Today, biosignals are a popular topic within the global research community, and potential applications are far-reaching within the medical arena, paving the way for the emerging field of Physiological Computing (PC). In an analogous way to that of physical computing, PC can be defined as the study and development of interactive software and hardware systems capable of sensing, processing, reacting and interfacing the digital and analog worlds. The difference between both is that PC specifically focuses on the use of biosignals, posing a separate class of problems; while biomedical engineering is a classical discipline with affinity to the area, biosignals applied to Human-Computer Interaction (HCI) drive researchers in areas ranging from computer science, electrical engineering, among many others.

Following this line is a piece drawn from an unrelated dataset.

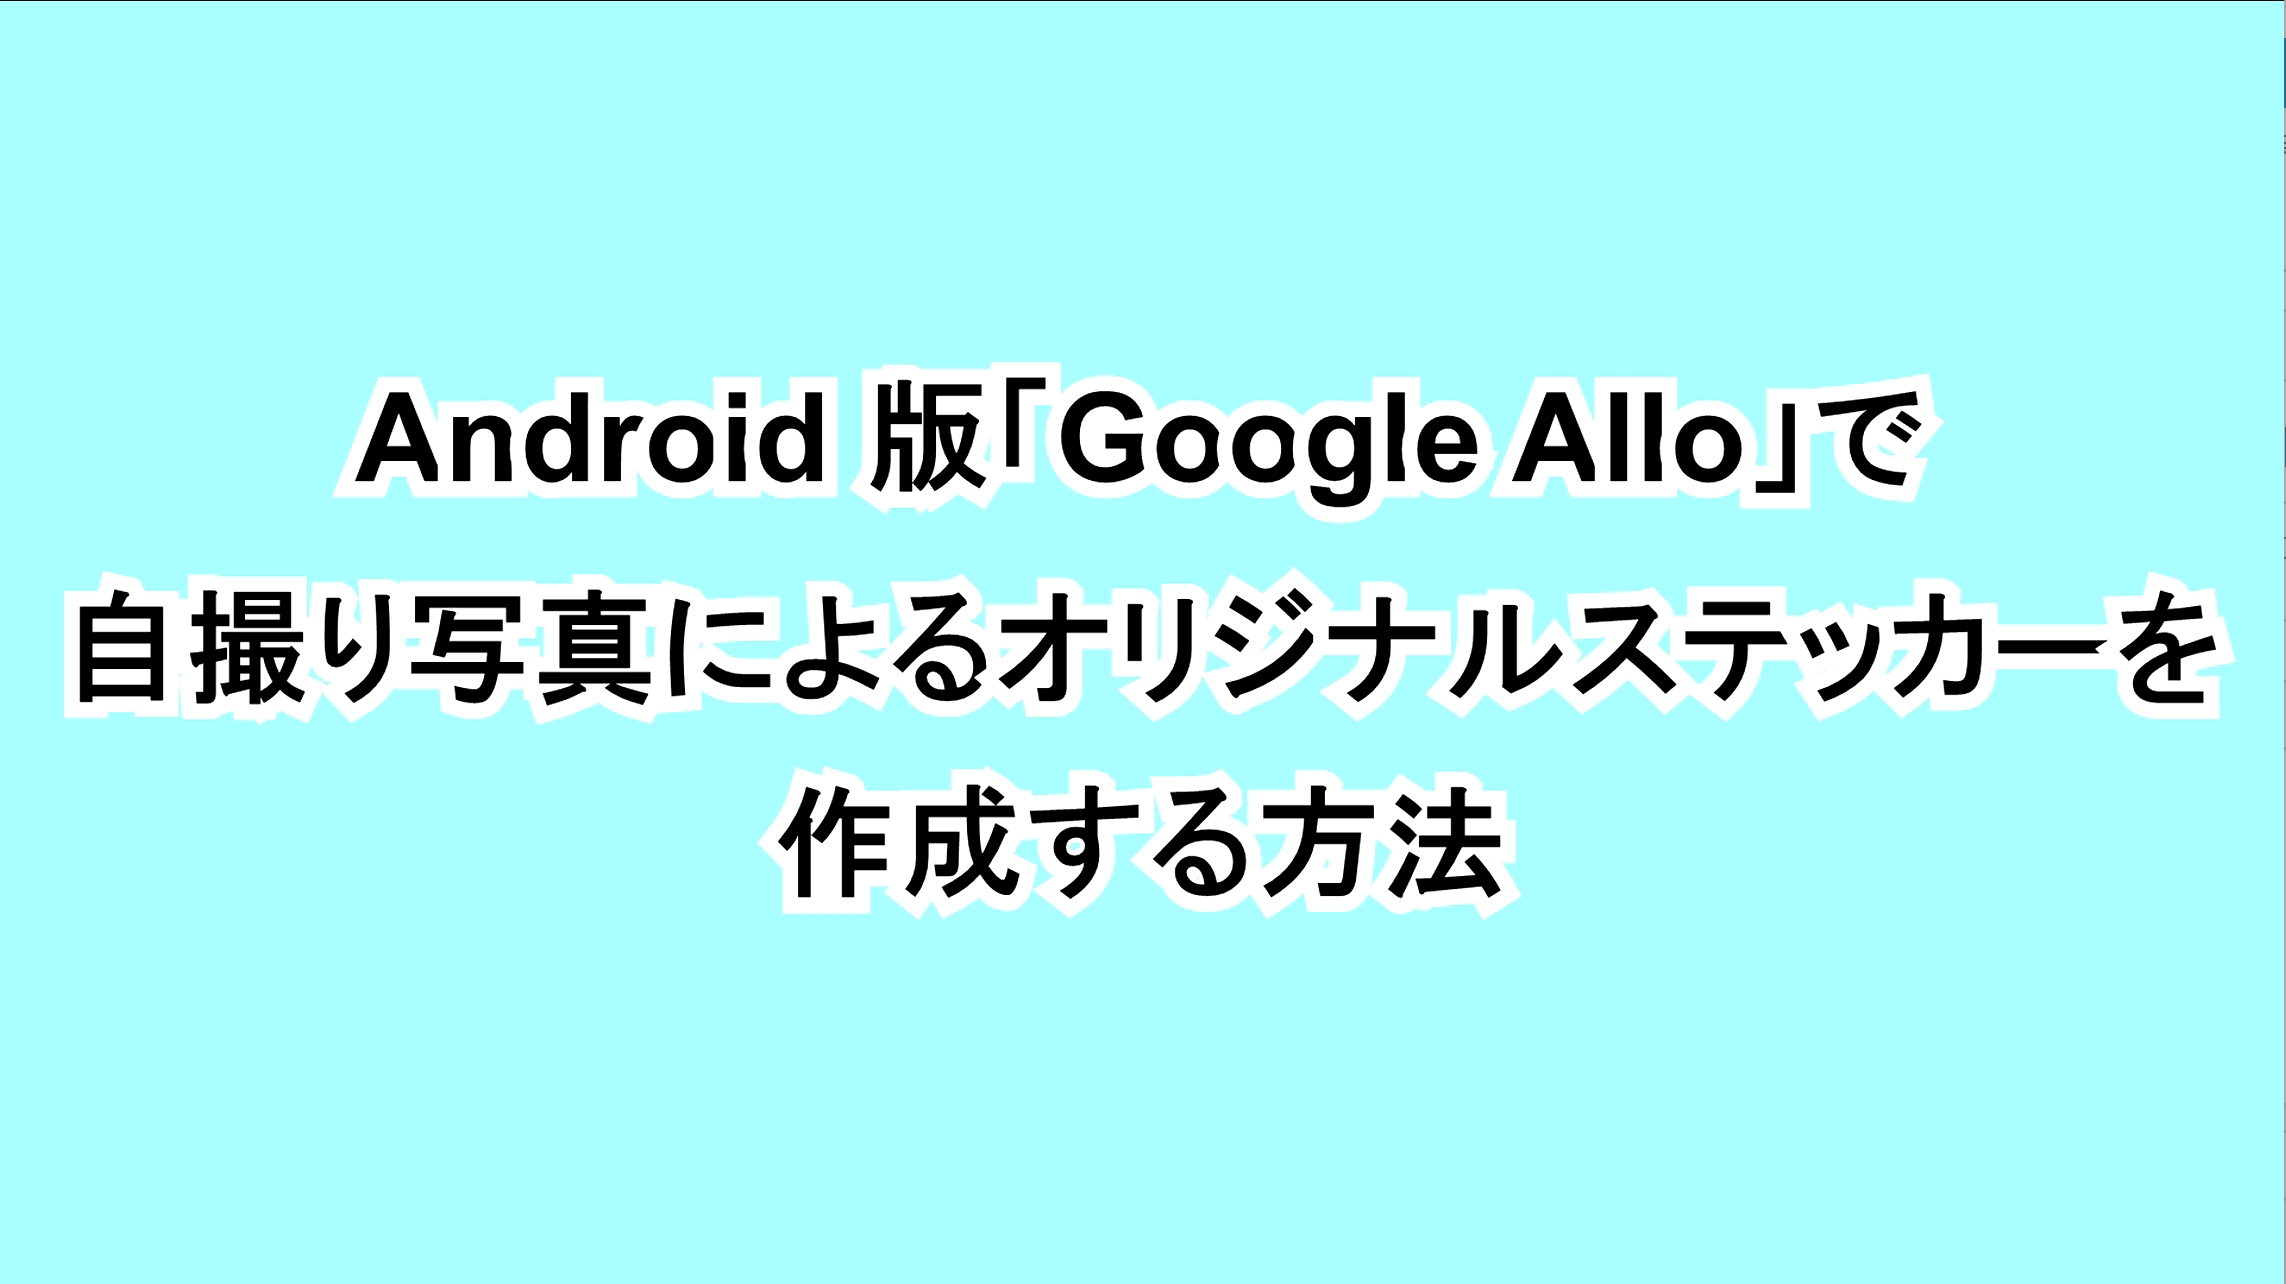 Android版「Google Allo」で自撮り写真によるオリジナルステッカーを作成する方法

Just to name a few examples, PC has grown to include human enhancement using exoskeletons, augmentative communication, nonverbal communication (e.g. affective and silent speech interfaces).

PC has also had vast implications within the industrial landscape, for example, the company AliveCor in 2011 debuted an accessory for ECG monitoring in iOS devices, and was later funded by Qualcomm with $10.5M. To date, the research community has been highly fragmented in terms of journal publications that address the interface between HCI and PC; this is especially relevant given the shift of the Brain-Computer Interfaces (BCI) community towards multimodal and non-BCI physiological data (EDA, EMG, Accelerometry, etc). HCI is one of the areas where biomedical signals are demonstrating a high potential to enhance the way people leverage digital interaction, however, such interfaces still present several challenges in what concerns their design and creation.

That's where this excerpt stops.